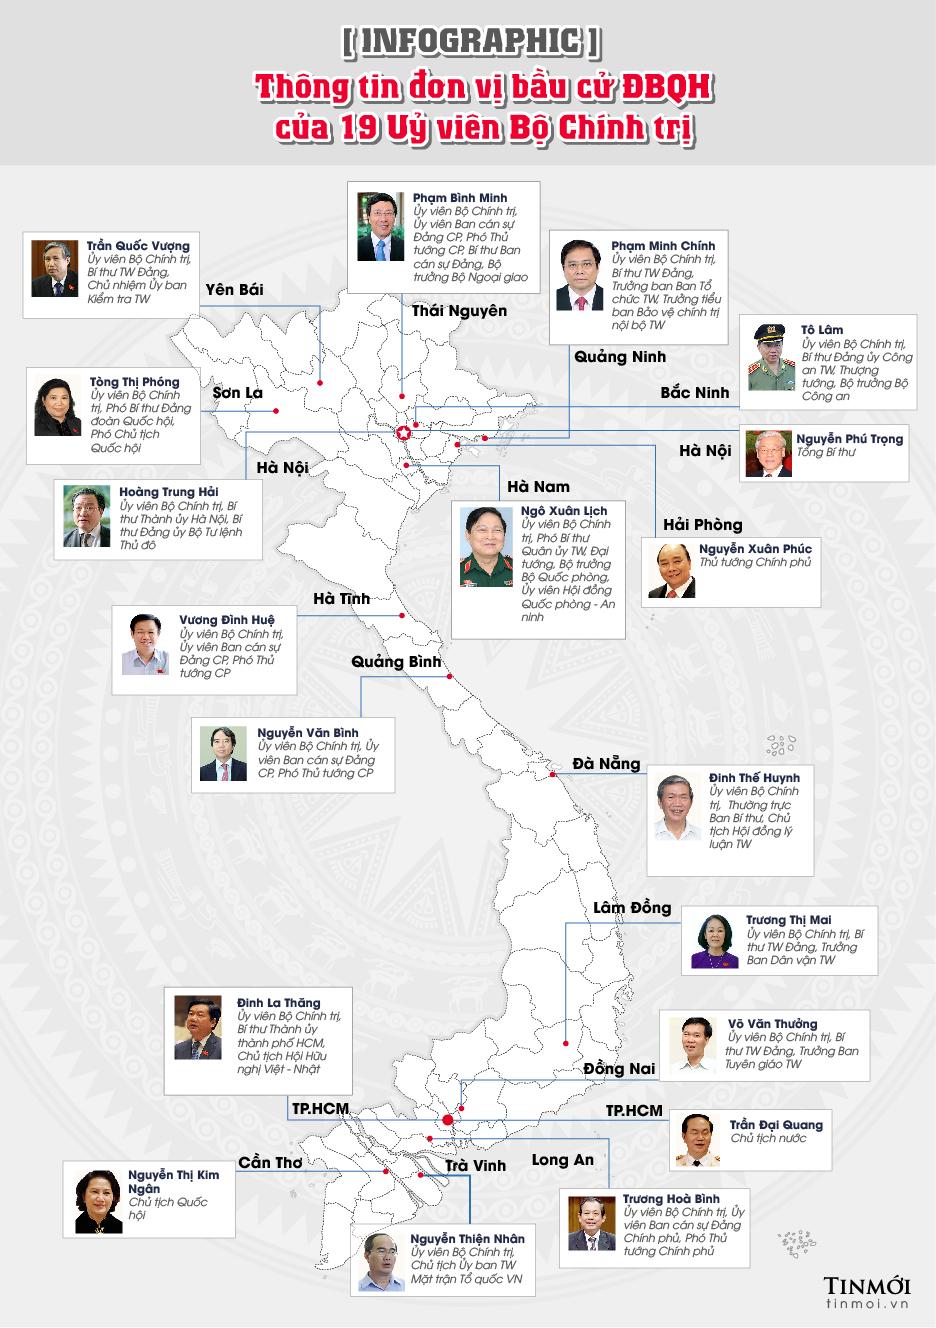 Infographic: Thông tin đơn vị bầu cử ĐBQH của 19 Uỷ viên Bộ Chính trị 1
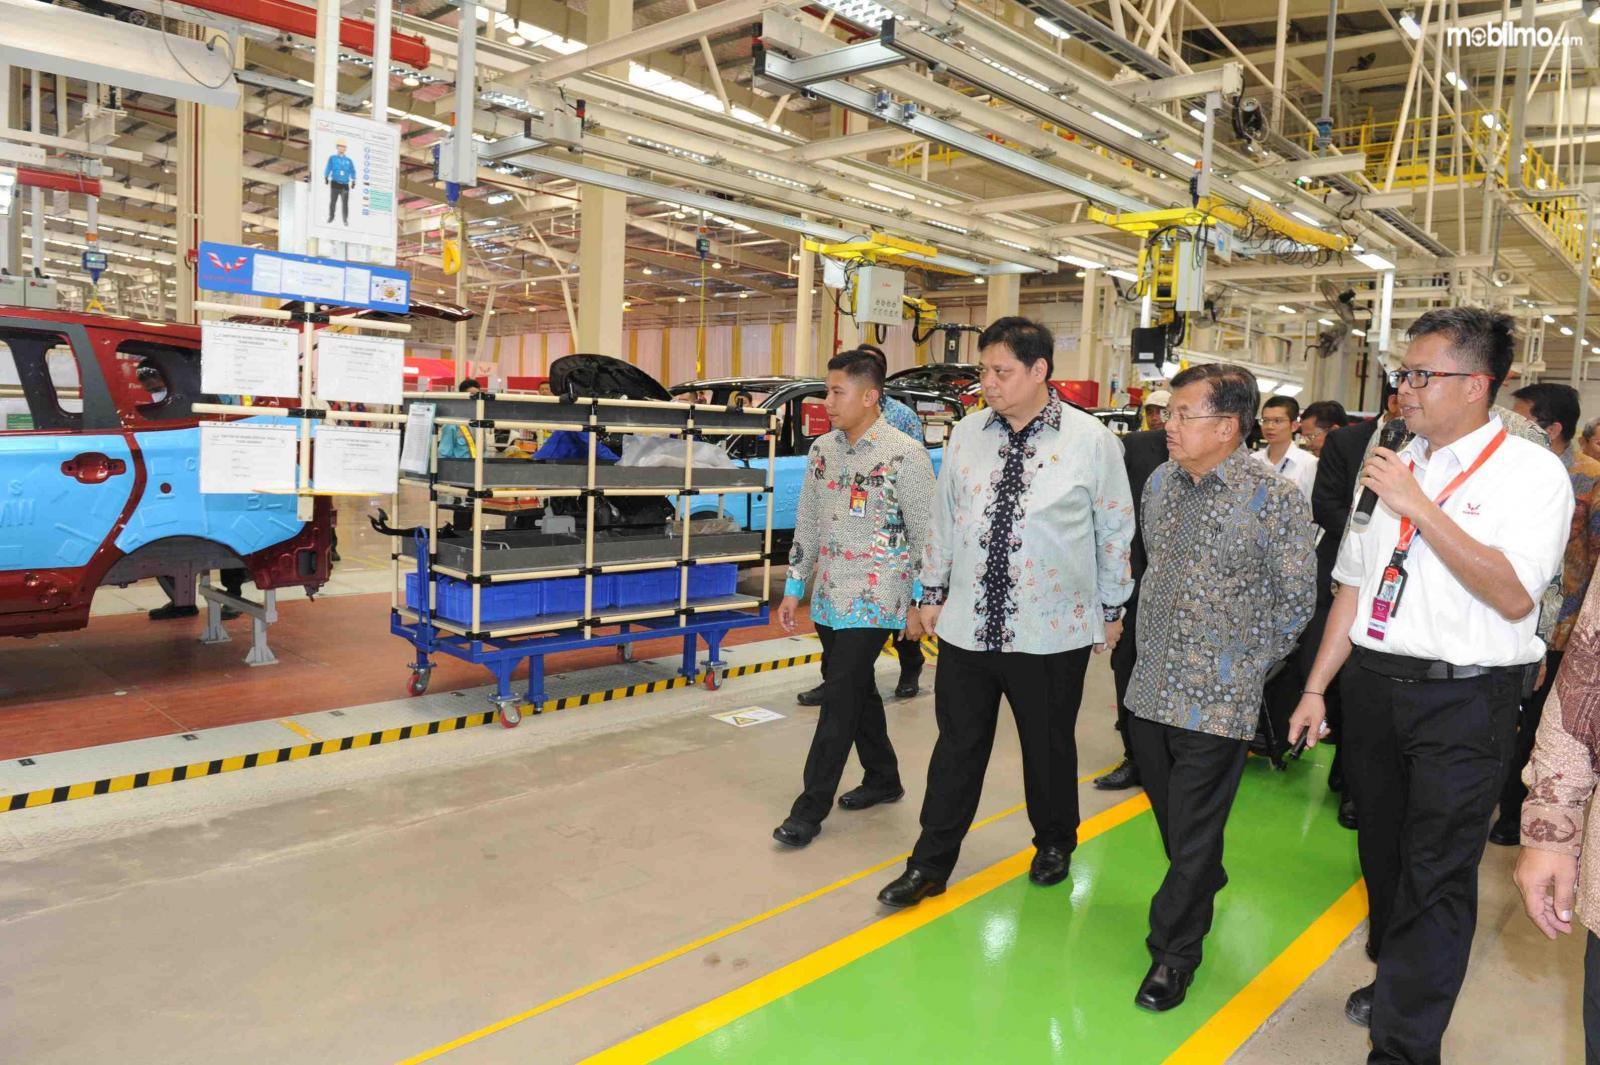 Wakil Presiden Yusuf Kalla meninjau Pabrik Wuling di Cikarang Pusat, Bekasi, Jawa Barat
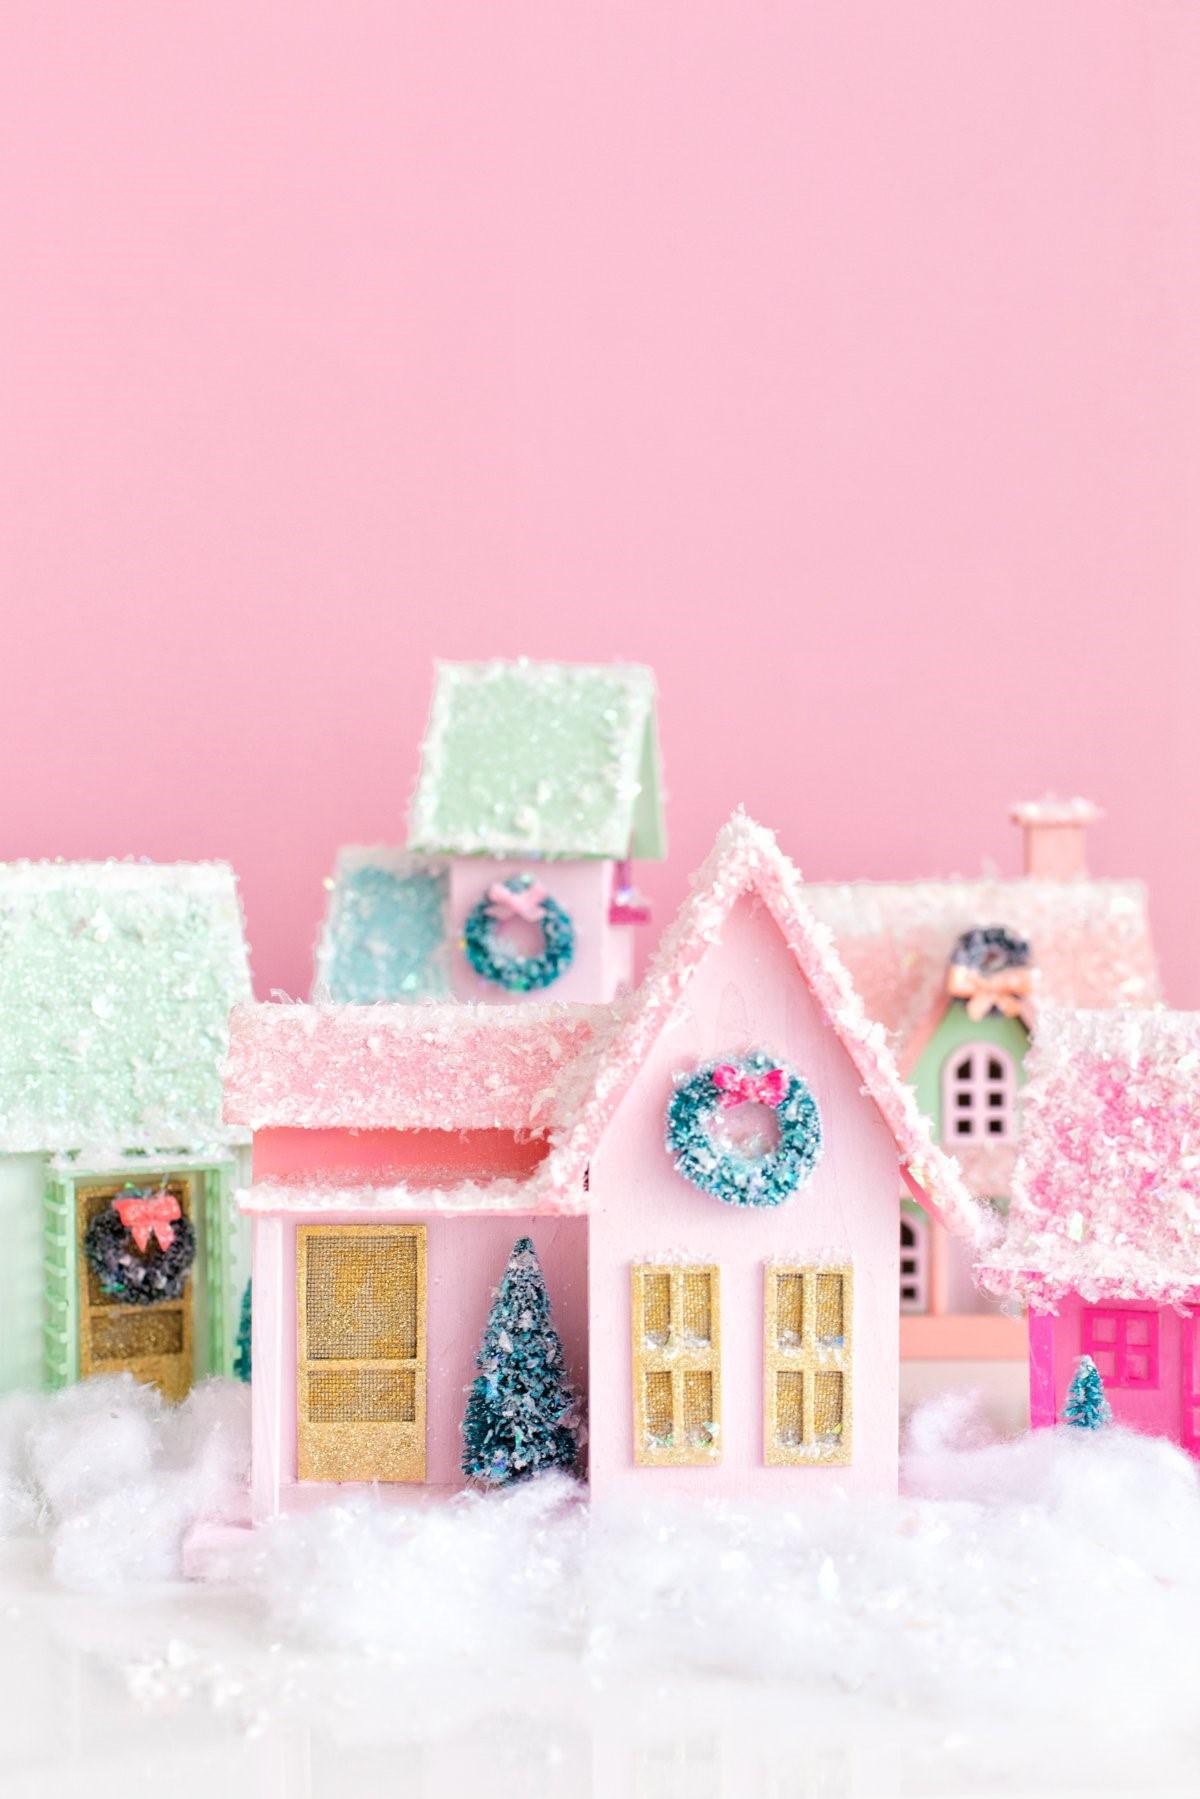 Activité manuelle de Noël: Village de Noël coloré.
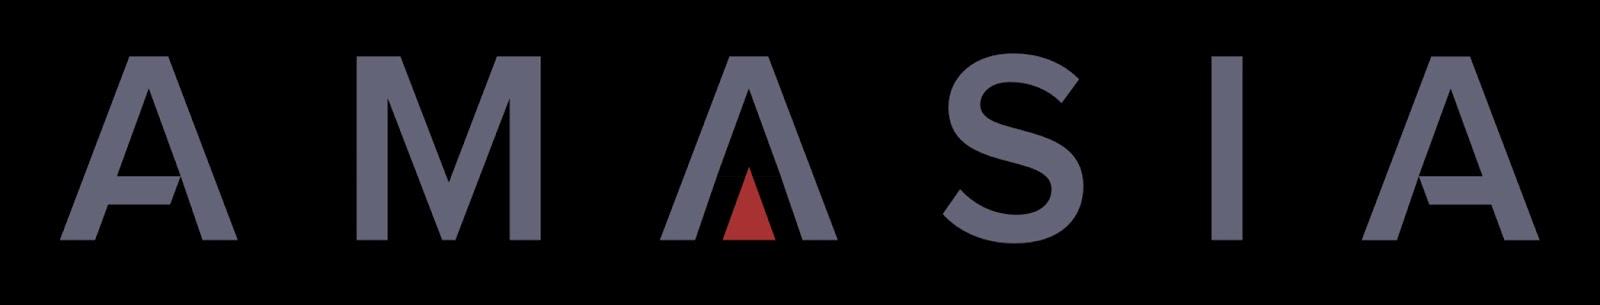 Amasia logo with black bg.jpg

_Problem description_
Line by line, output the material above exactly, passing over the pictures.

_Answer for the task_
 Infographic: Thông tin đơn vị bầu cử ĐBQH của 19 Uỷ viên Bộ Chính trị 1
 Wakil Presiden Yusuf Kalla meninjau Pabrik Wuling di Cikarang Pusat, Bekasi, Jawa Barat
 Activité manuelle de Noël: Village de Noël coloré.
 Amasia logo with black bg.jpg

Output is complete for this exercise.